Updated with more information at 7:55 p.m. on Aug. 5, 2021.
No player reflects the instability of Tennessee football in recent seasons more than Matthew Butler, and it's no fault of the fifth-year senior defensive lineman.
The 6-foot-4, 295-pounder from Raleigh, North Carolina, simply chose to sign with the Volunteers in 2017.
Butler was recruited to Tennessee throughout 2016 by defensive line coach Steve Stripling, but Stripling stepped aside just before signing day in 2017 and was replaced by Brady Hoke, who lasted less than a year once the Butch Jones era went down in flames. Tracy Rocker was Butler's defensive line coach the longest — covering the 2018-19 seasons — while last year provided the chaos of Jimmy Brumbaugh as his position coach for the first four games and head coach Jeremy Pruitt for the final six.
When Pruitt was terminated this past January and Josh Heupel tabbed as his successor, Huepel named Rodney Garner as defensive line coach.
"I've played for six guys, basically, and that impacts things," Butler said this week in a news conference, "but it all comes down to playing physical, tough football and running through people. Now that we have the best coach in the country with us, what else can you really ask for?"
It's hard to ask much more from Butler given the continuing turbulence around him.
Having played in 40 career games with 14 starts, Butler has amassed 105 tackles, 7.5 tackles for loss and 4.5 sacks. His performance off the field has been nothing short of superb; he graduated last December in political science with a 3.63 GPA and is a four-time Southeastern Conference Academic Honor Roll selection.
Butler opted to use the NCAA's extra year of eligibility that resulted from the coronavirus outbreak, and he feels rewarded by having Garner, who is the longest-serving active SEC assistant in terms of consecutive seasons. Garner has been an SEC assistant since serving as Auburn's tight ends coach in 1993.
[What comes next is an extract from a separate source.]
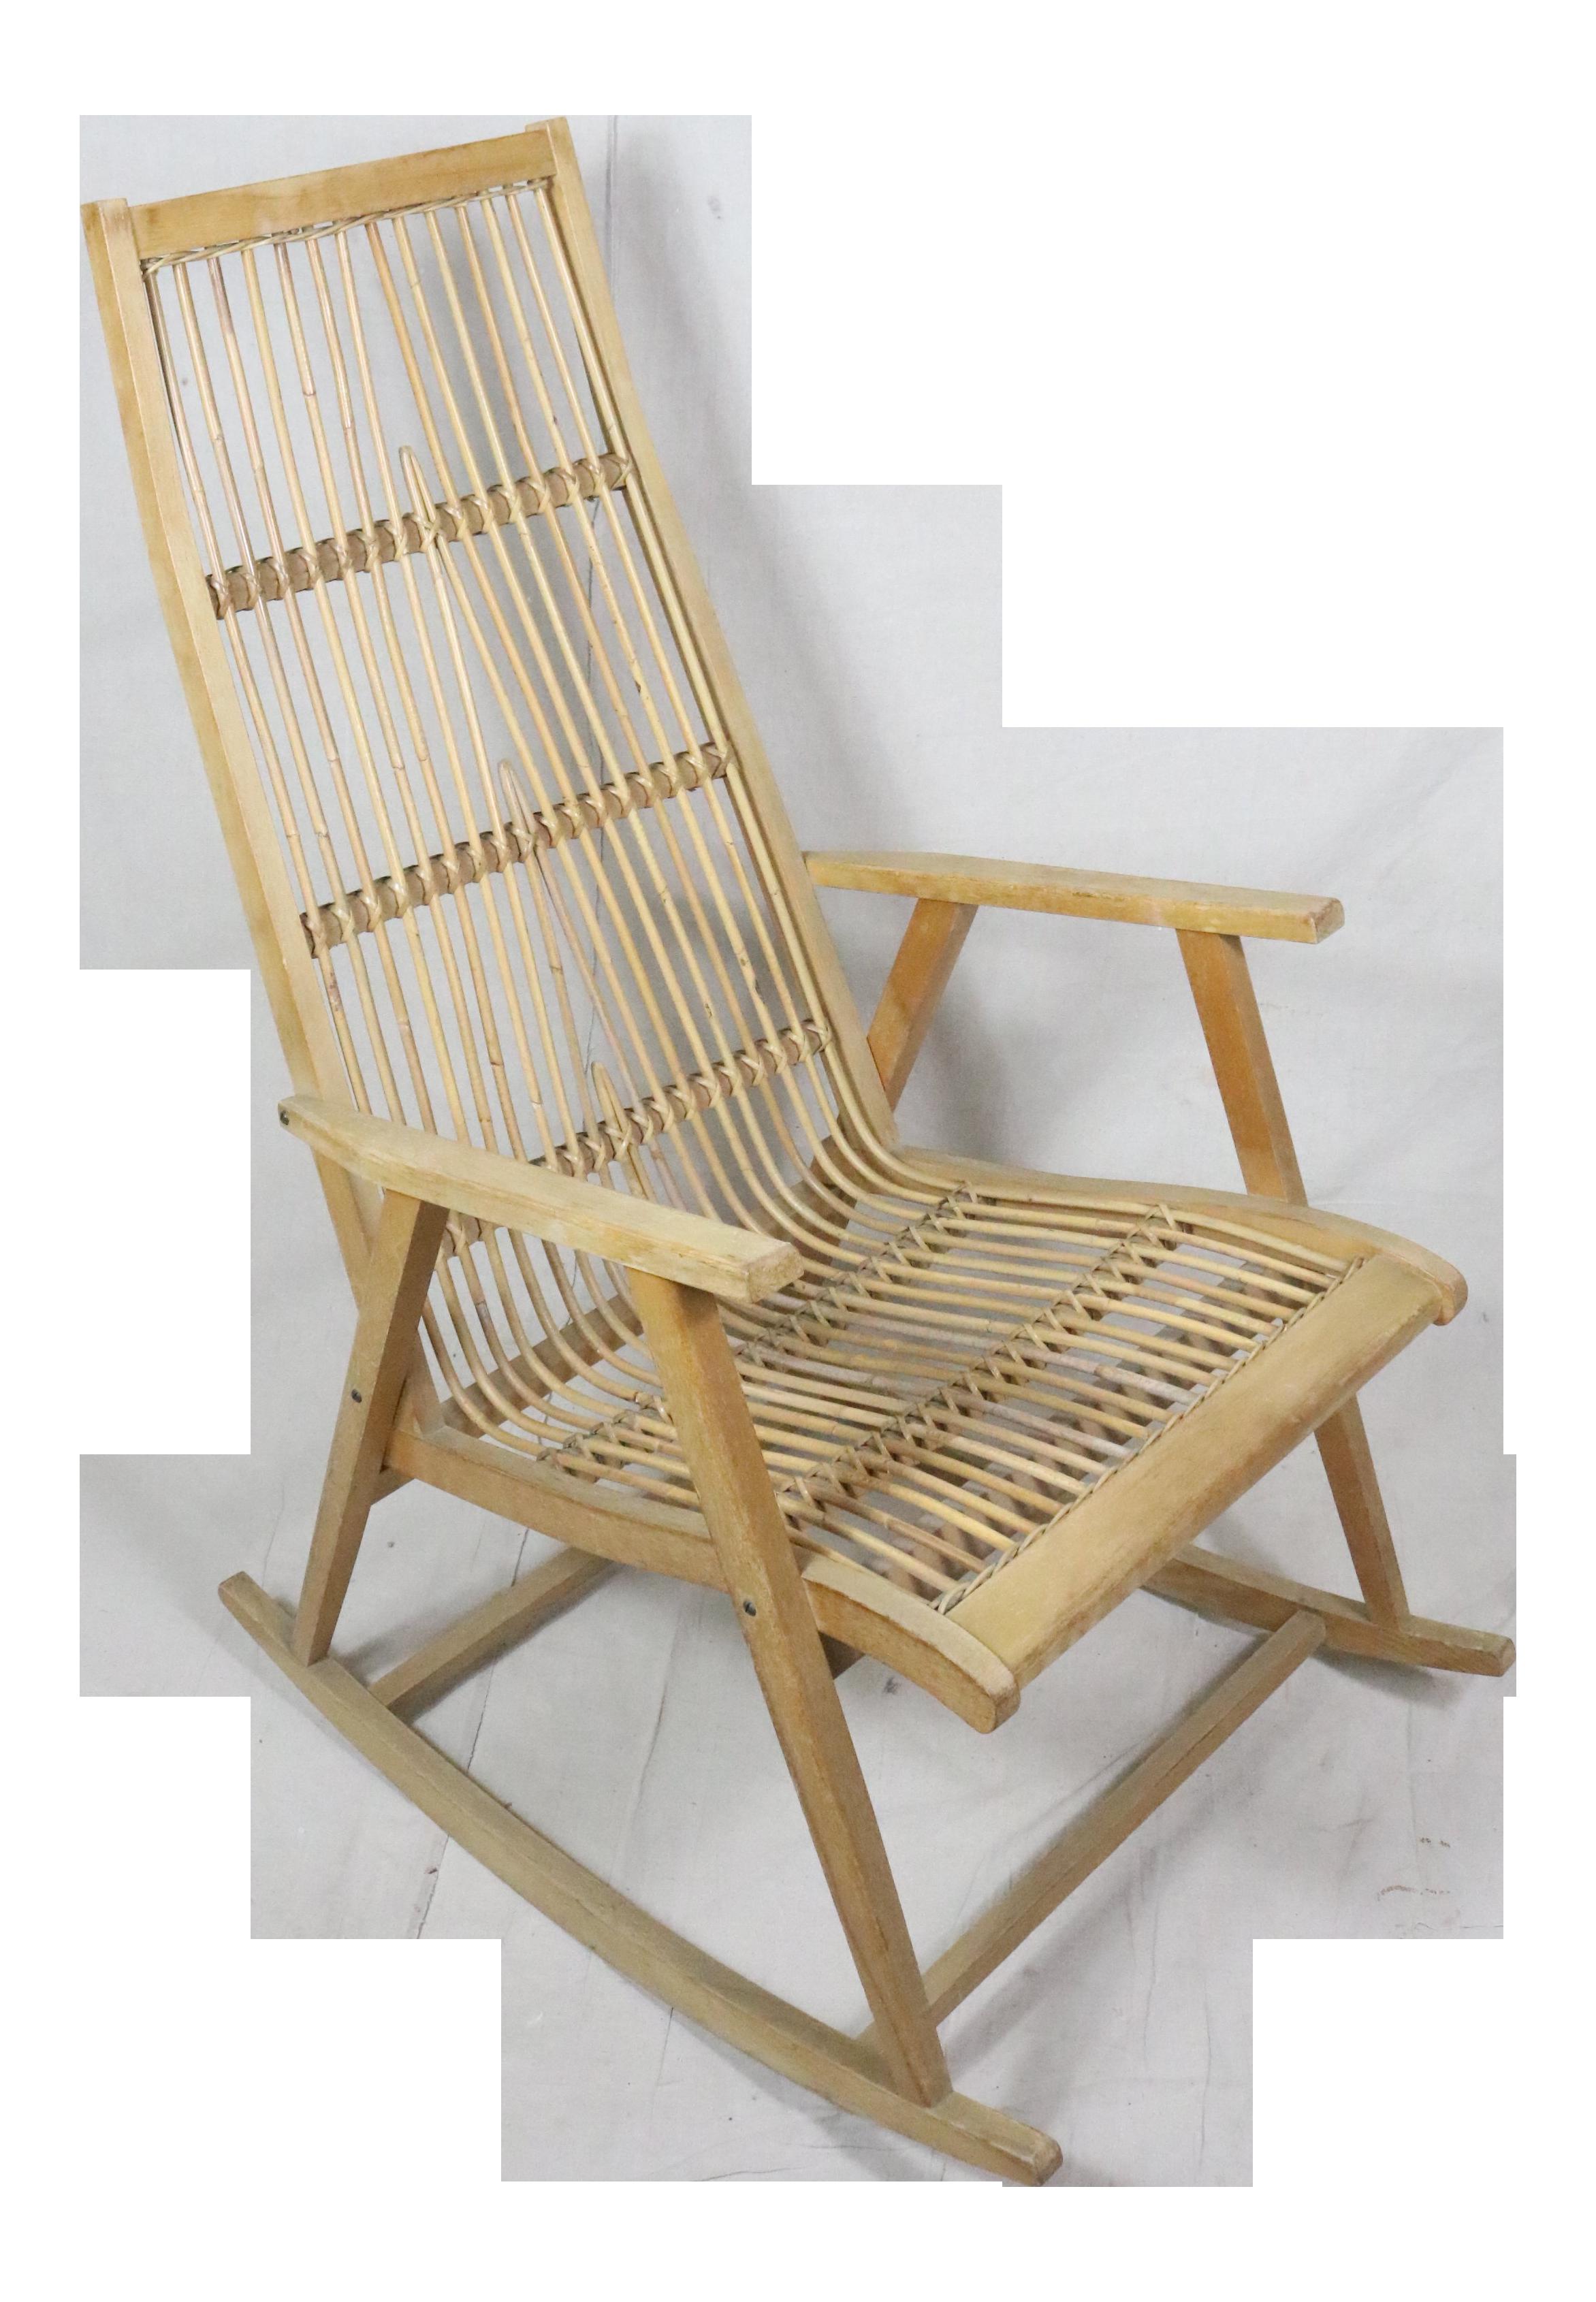 Vintage Mid Century Scandinavian Rattan Rocking Chair For Sale  sc 1 st  Chairish & Vintage u0026 Used Rocking Chairs for Sale | Chairish

"He's a fiery guy, and he's going to be that way," Butler said, "but behind closed doors, he loves us and we love him. We can talk. He can be fiery, like you've seen him, but he can calm down and be a very well-rounded dude.
"He's going to shoot straight with you."
Garner has developed 32 NFL draft picks through the years, including the lofty likes of Marcus Stroud and Richard Seymour at Georgia and Derrick Brown at Auburn, but his second stint at Tennessee is expected to be more challenging than his successful run in 1996-97 given the roster attrition through the NCAA transfer portal.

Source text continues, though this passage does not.